Knime Python node and gensim

Hi,

 

I'm trying to configure a Python node to run the Phrases module from gensim (replaces frequent collocated tokens with a single 'bigram' token, e.g. 'new', 'york' becomes  'new_york'), but I'm running into issues as gensim runs mainly using list of lists, and cannot get the output as Document DataFrame for further text processing. 

 

I can get the list of lists (tokenized string) processed correctly (tokens vs. tokens_bigram), but not sure how to transform it into a DataFrame as output of the node so that other text processing nodes can read it.
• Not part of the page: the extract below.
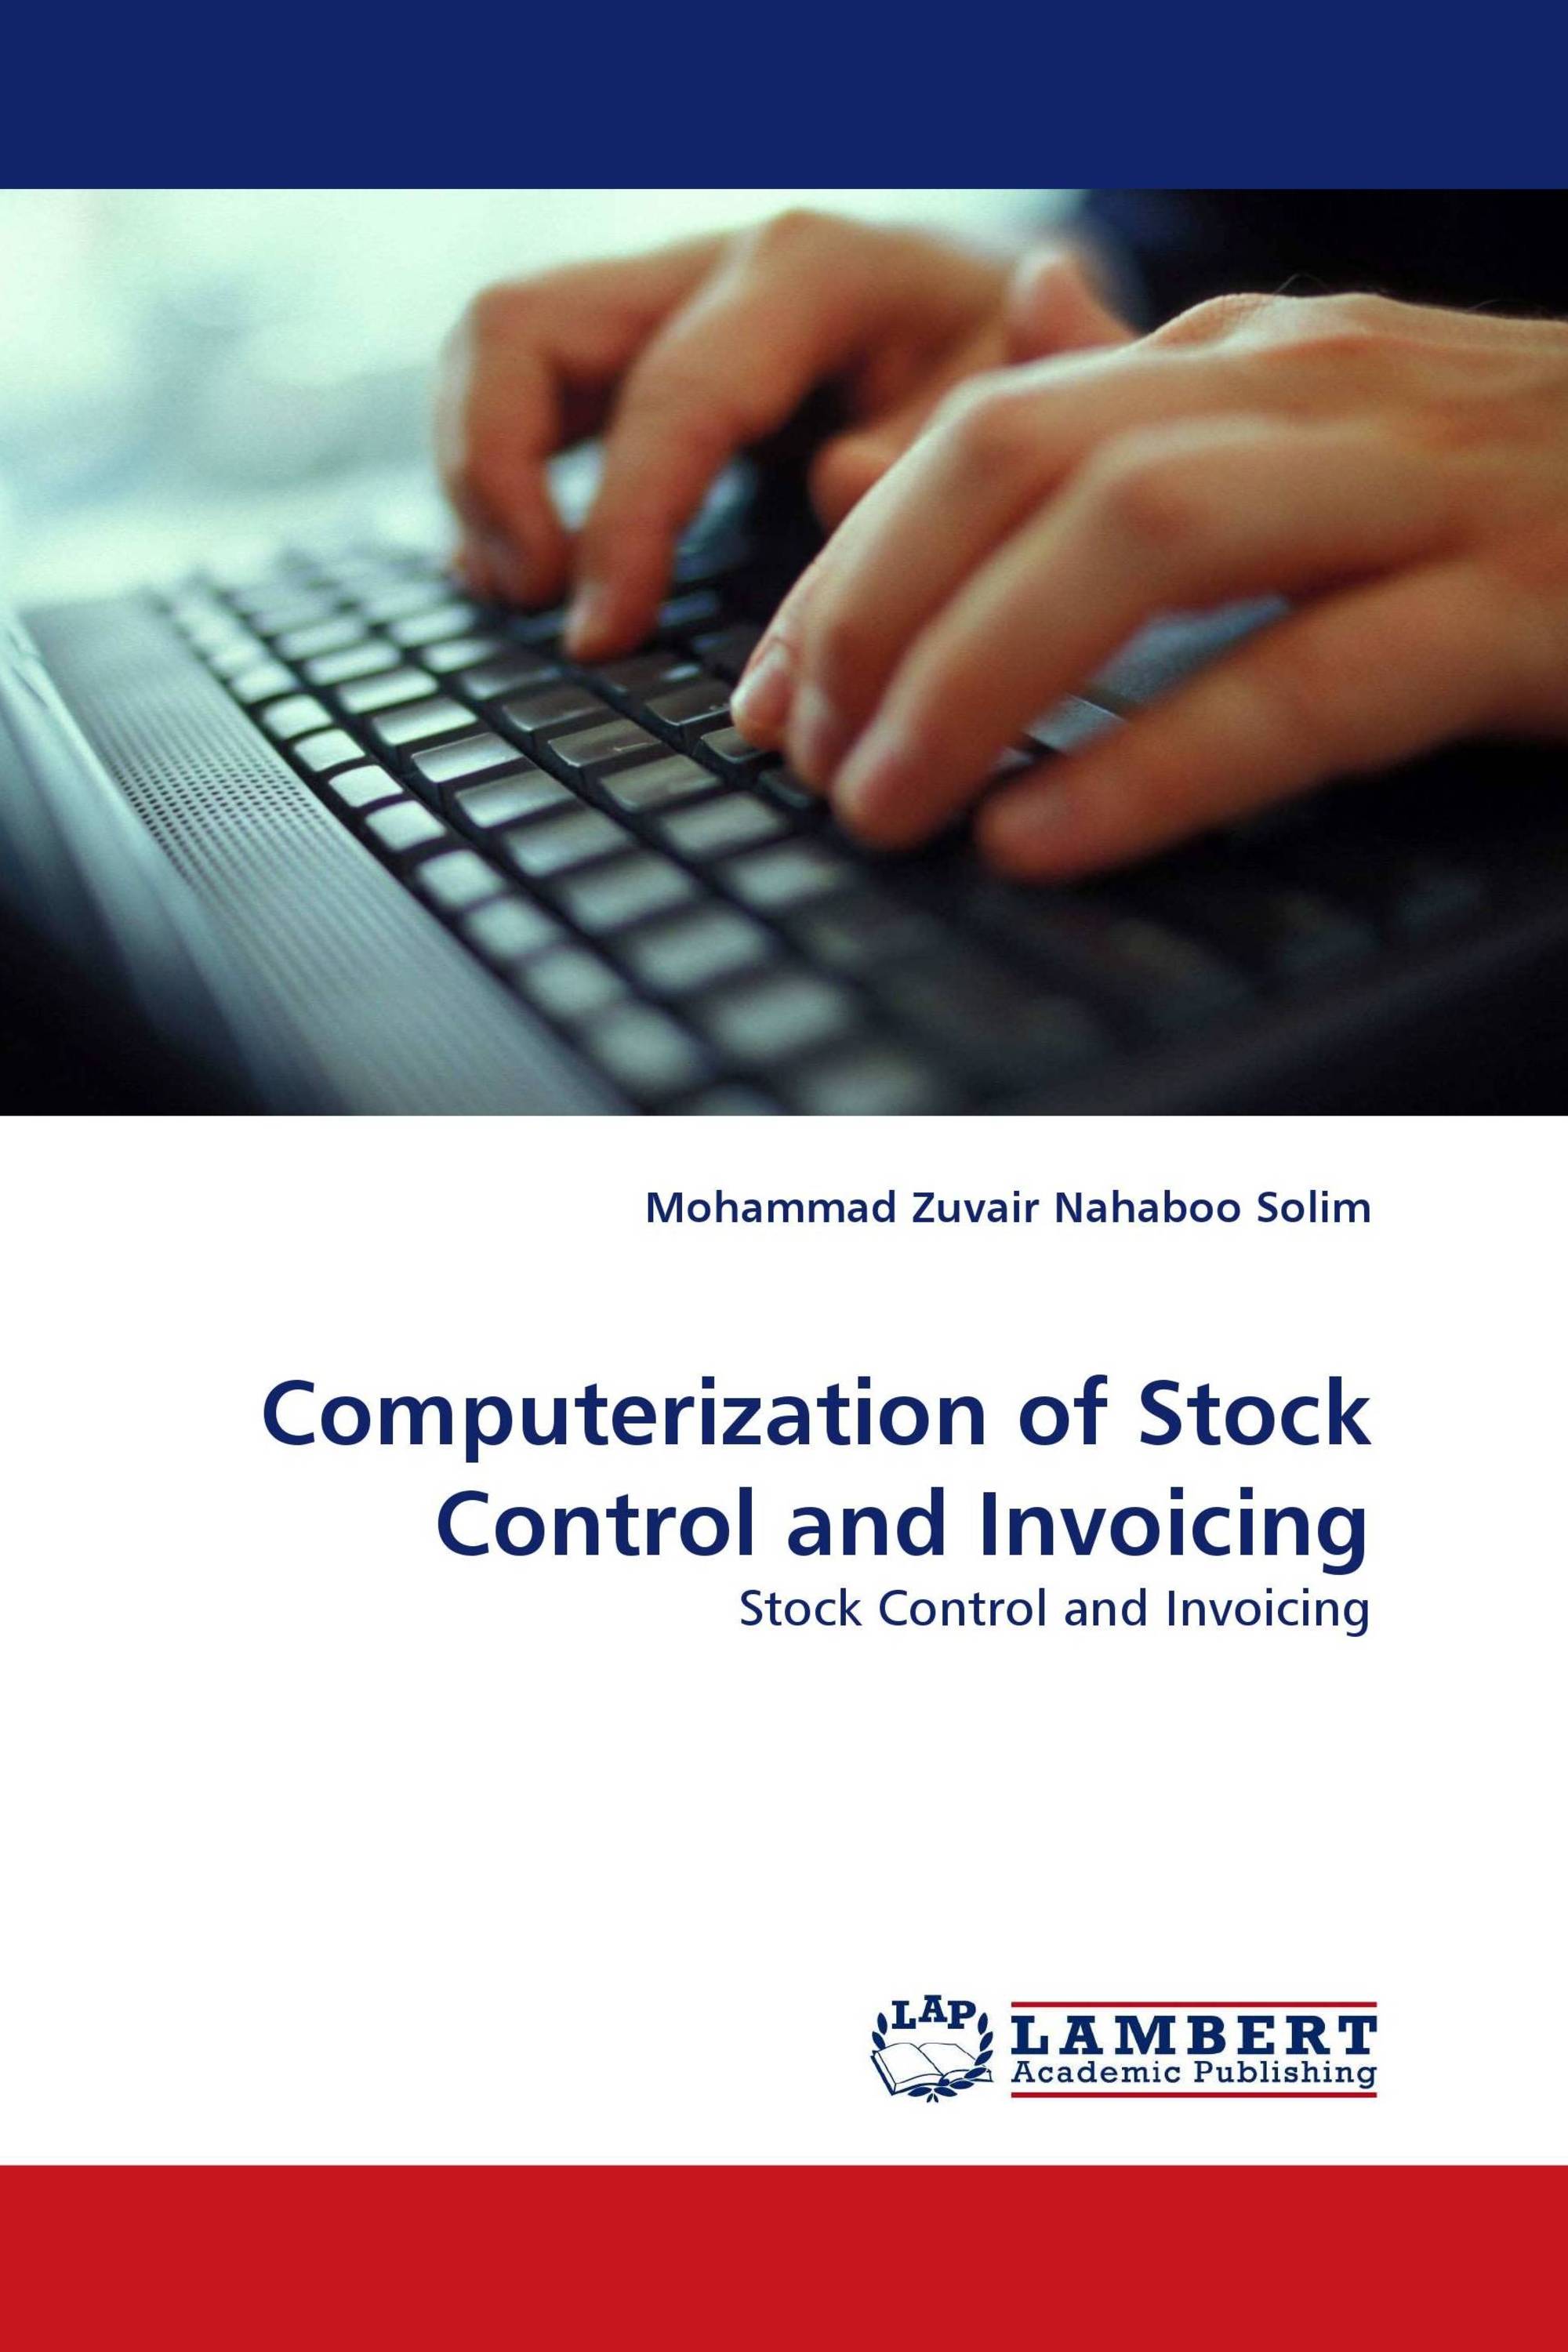 Computerization of Stock Control and Invoicing

See script attached.

 

Anyone with experience using KNIME and gensim for text preprocessing?

 

Thanks

Hi Diego,

 

you are nearly there getting your bigrams from python to KNIME. The python nodes support sending DataFrame columns containing lists back to KNIME. Therefore what you can do is use the following line to generate your output_table:

output_table = pd.DataFrame(list(map(lambda x: [x], tokens_bigram)), columns=['tokens_bigram'])

This will create a pandas DataFrame with a single column containing each of your bigram lists in a separate row.

I hope that helps you getting your data back to KNIME and use the KNIME textprocessing nodes. If you have any further questions I will be happy to answer them.

 

Best

Clemens

 

Thanks Clemens, it worked!